Stephan Brack, Geschäftsführer von protected-networks.com, sieht den Grund für diese Diskrepanz vor allem in der klaffenden Lücke zwischen Theorie und Praxis:

"Dass ein Großteil der Unternehmen in Deutschland Regeln für den Umgang mit dem Instrument IT und den digital gespeicherten Daten aufstellt, ist zunächst einmal positiv. Schließlich geht es hier um nicht weniger als um die Sicherheit eines der wichtigsten Betriebsmittel. Regeln und Richtlinien erfüllen aber nur dann ihren Zweck, wenn sie auch eingehalten werden. Vertrauen ist zwar gut, Kontrolle aber in vielen Fällen unumgänglich.

Wie sich fehlende Kontrolle, resultierend aus mangelnder Übersicht, auswirkt, erleben wir fast tagtäglich in unserer ureigenen Domäne: dem Berechtigungsmanagement. Zur Definition von Zugriffs- und Nutzungsrechten, die festlegen, wer über welche Wege und zu welcher Zeit IT-Ressourcen nutzen darf und die maßgeblich zur IT-Sicherheit beitragen, halten diverse Software-Hersteller große, multifunktionale und mächtige Werkzeuge bereit. Wenn wir im Rahmen unserer Tätigkeit vor Ort erleben, dass mancher IT-Verantwortliche auf das Thema Berechtigungsmanagement reagiert, wie das Kaninchen auf die Schlange, legt das den Schluss nahe: Diese Lösungen sind zu groß, zu multifunktional, zu mächtig. Wer einen Apfel schälen will, programmiert dazu schließlich auch keine CNC-gesteuerte Maschine.

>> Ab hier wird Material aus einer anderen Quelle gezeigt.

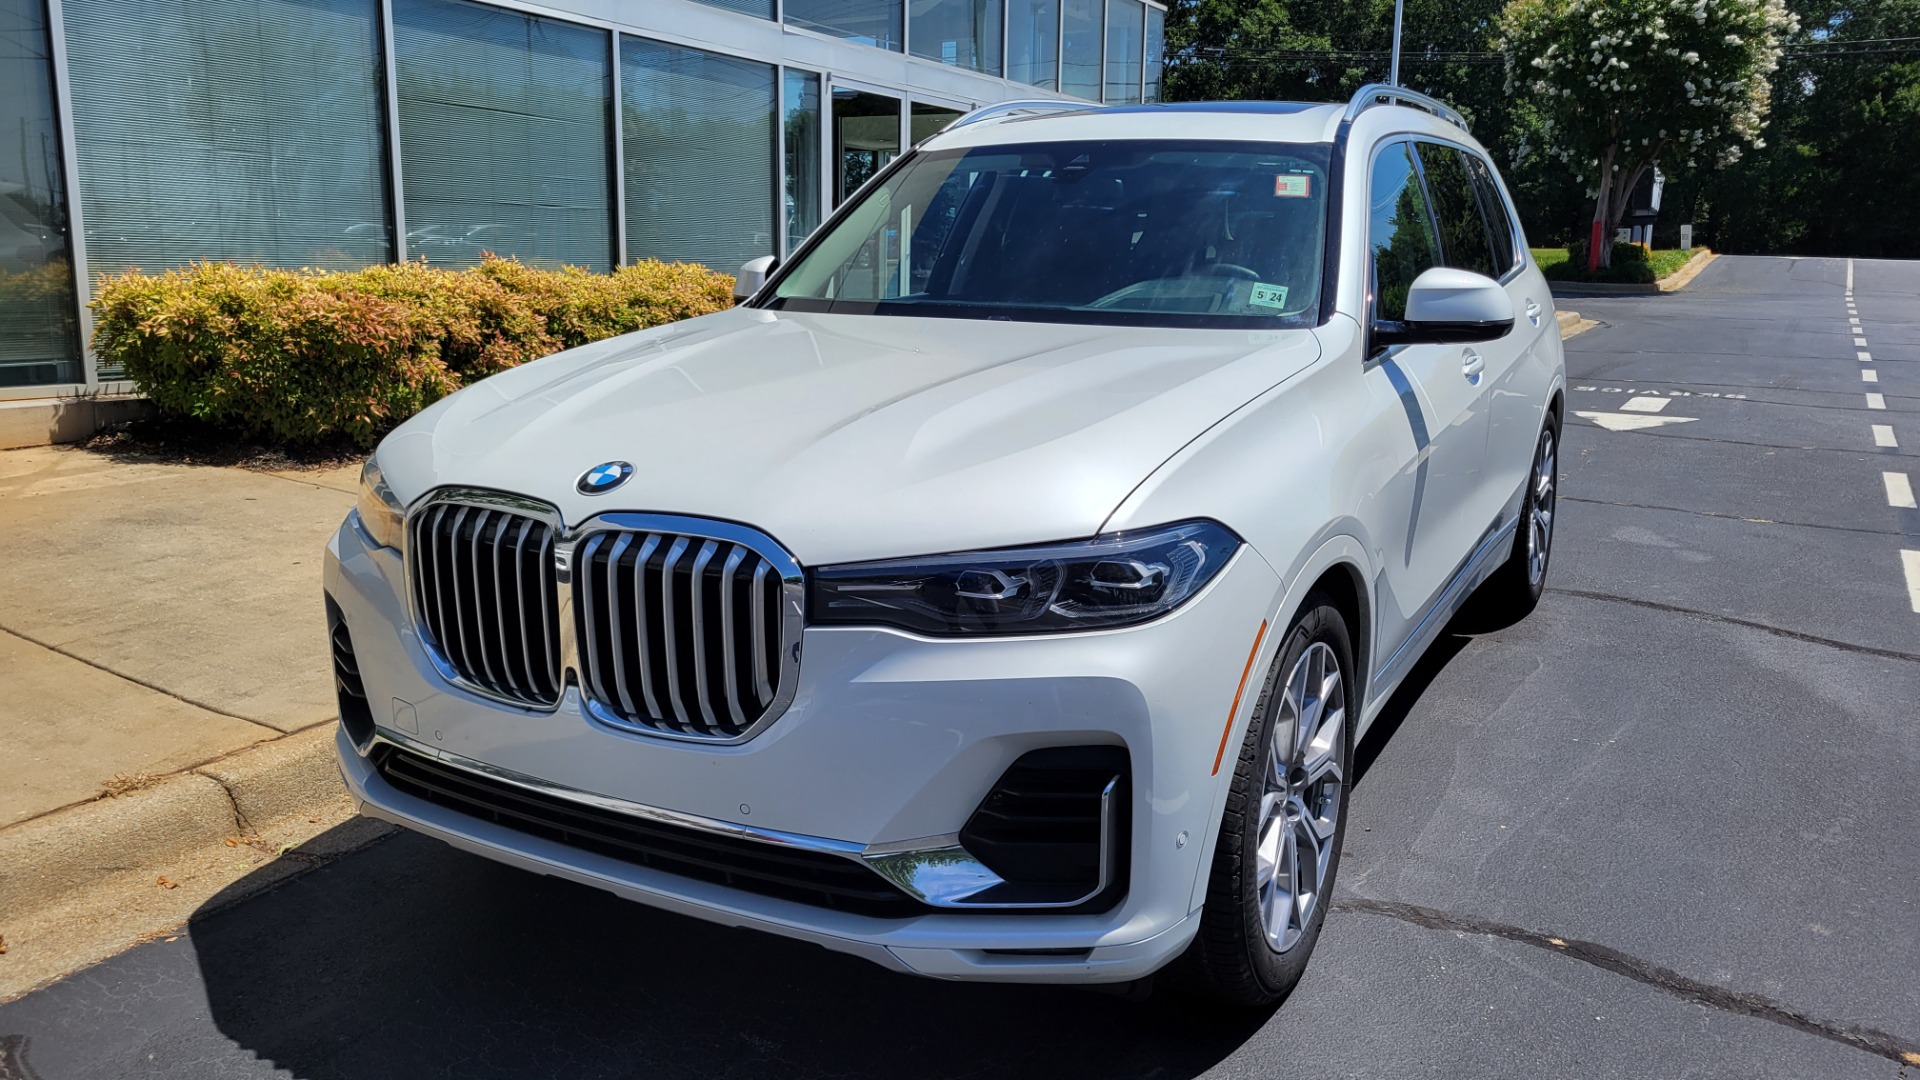 Used 2019 BMW X7 XDRIVE40I PREMIUM / NAV / HUD / PARK ASST PLUS / REMOTE START / 3D VIEW for sale $68,995 at Formula Imports in Charlotte NC 28227 2
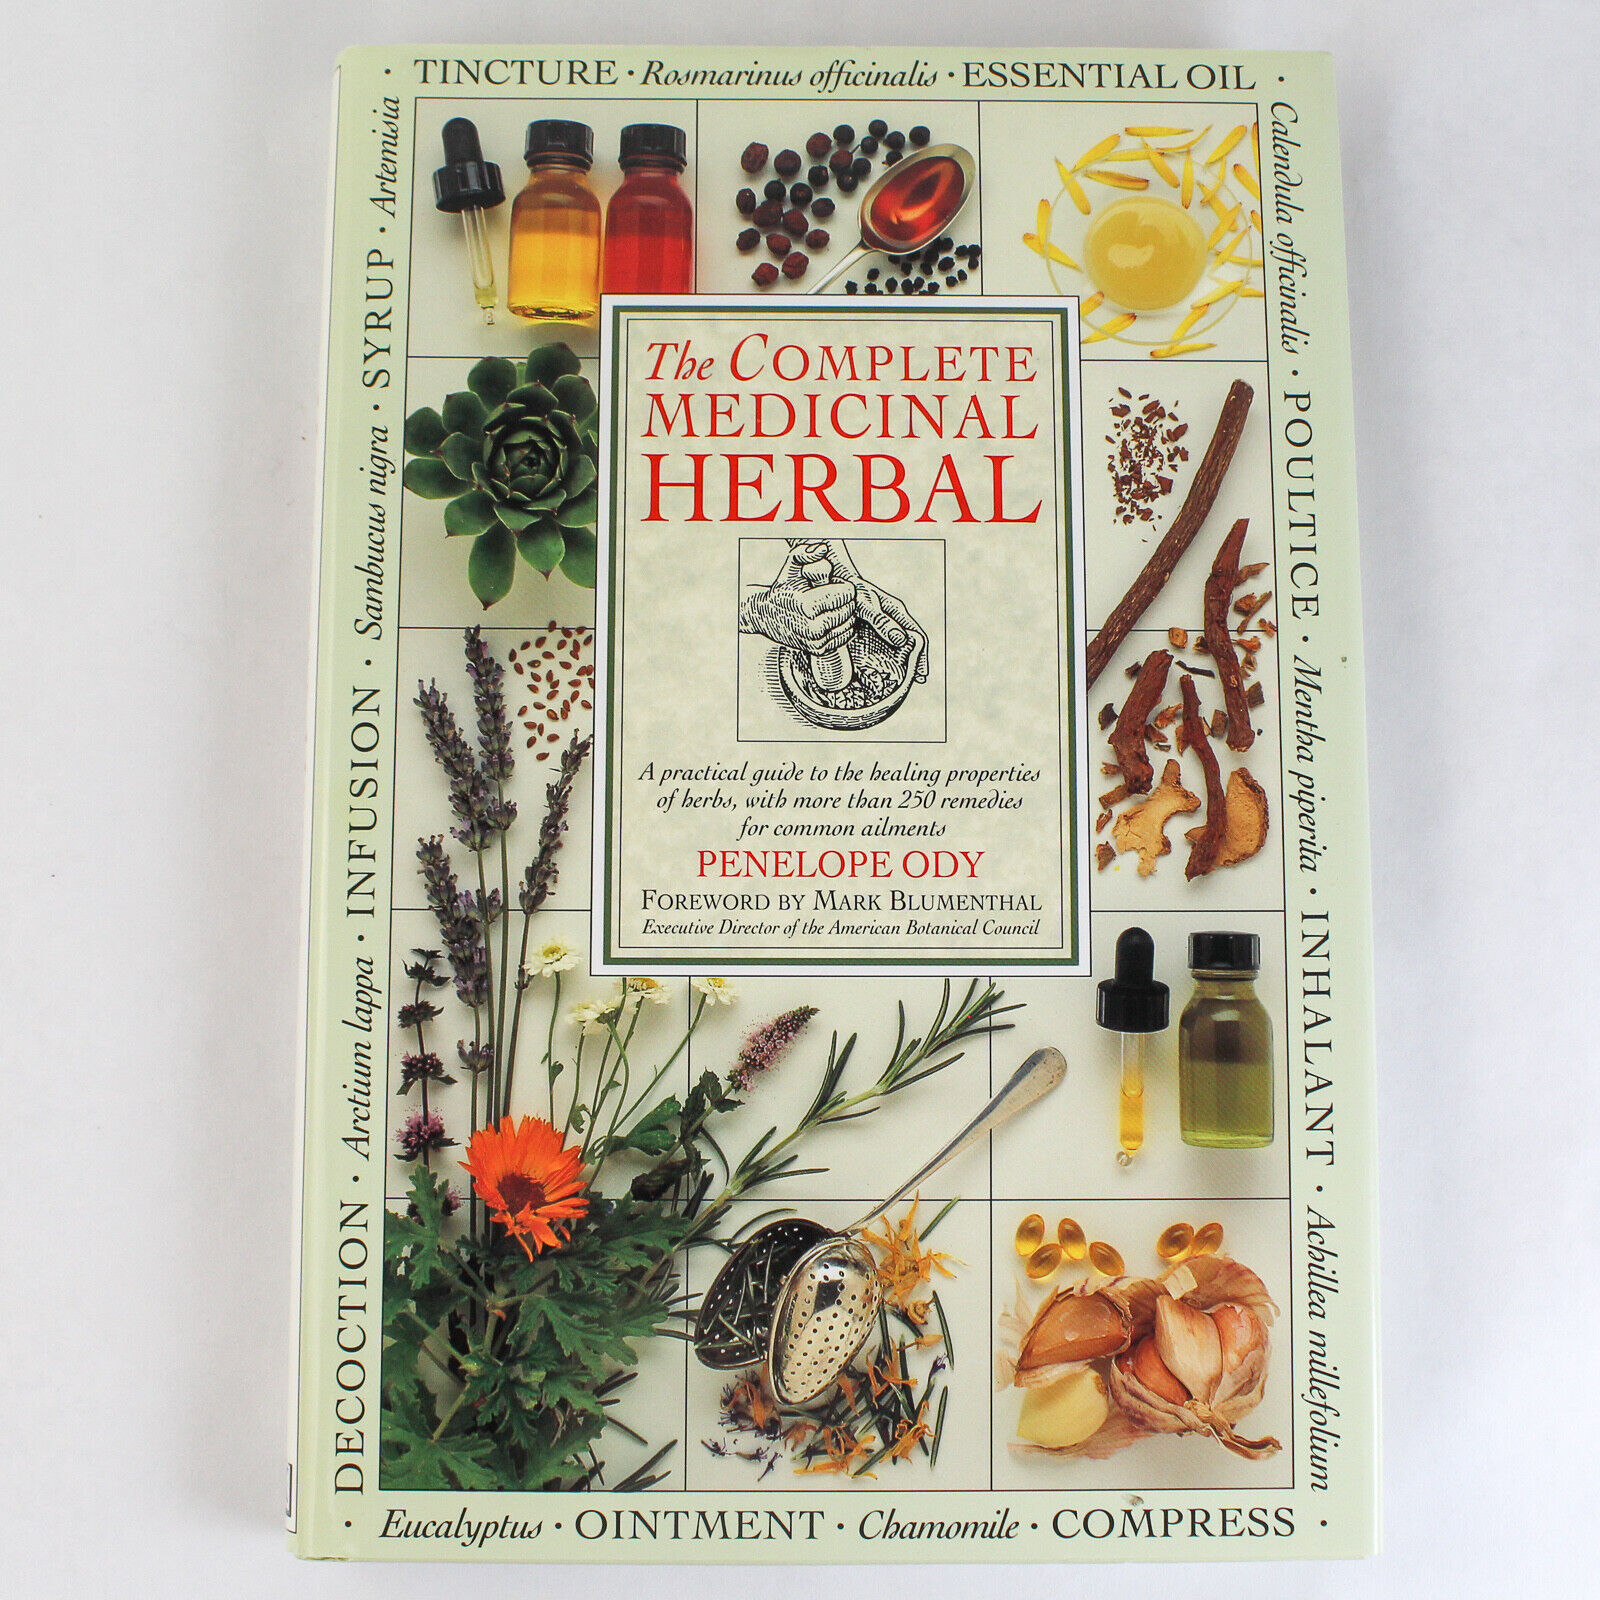 The Complete Medicinal Herbal Penelope Ody 1993 DK Publishing Dust Jacket HC

Um die theoretischen Vorteile eines konsistenten Berechtigungsmanagements in die Praxis umzusetzen, muss den IT-Abteilungen ein Werkzeug an die Hand gegeben werden, das es erlaubt, die Vergabe und das Management von Zugriffsrechten mit minimalem Arbeitsaufwand und größtmöglicher Transparenz - sowohl für die IT-Experten als auch für die Anwender - zu bewerkstelligen. Denn weniger, so die Quintessenz, ist eben in vielen Fällen mehr."
(protected-networks.com: ra)

Bankenverband: Kontakt und Steckbrief

Der Informationsanbieter hat seinen Kontakt leider noch nicht freigeschaltet.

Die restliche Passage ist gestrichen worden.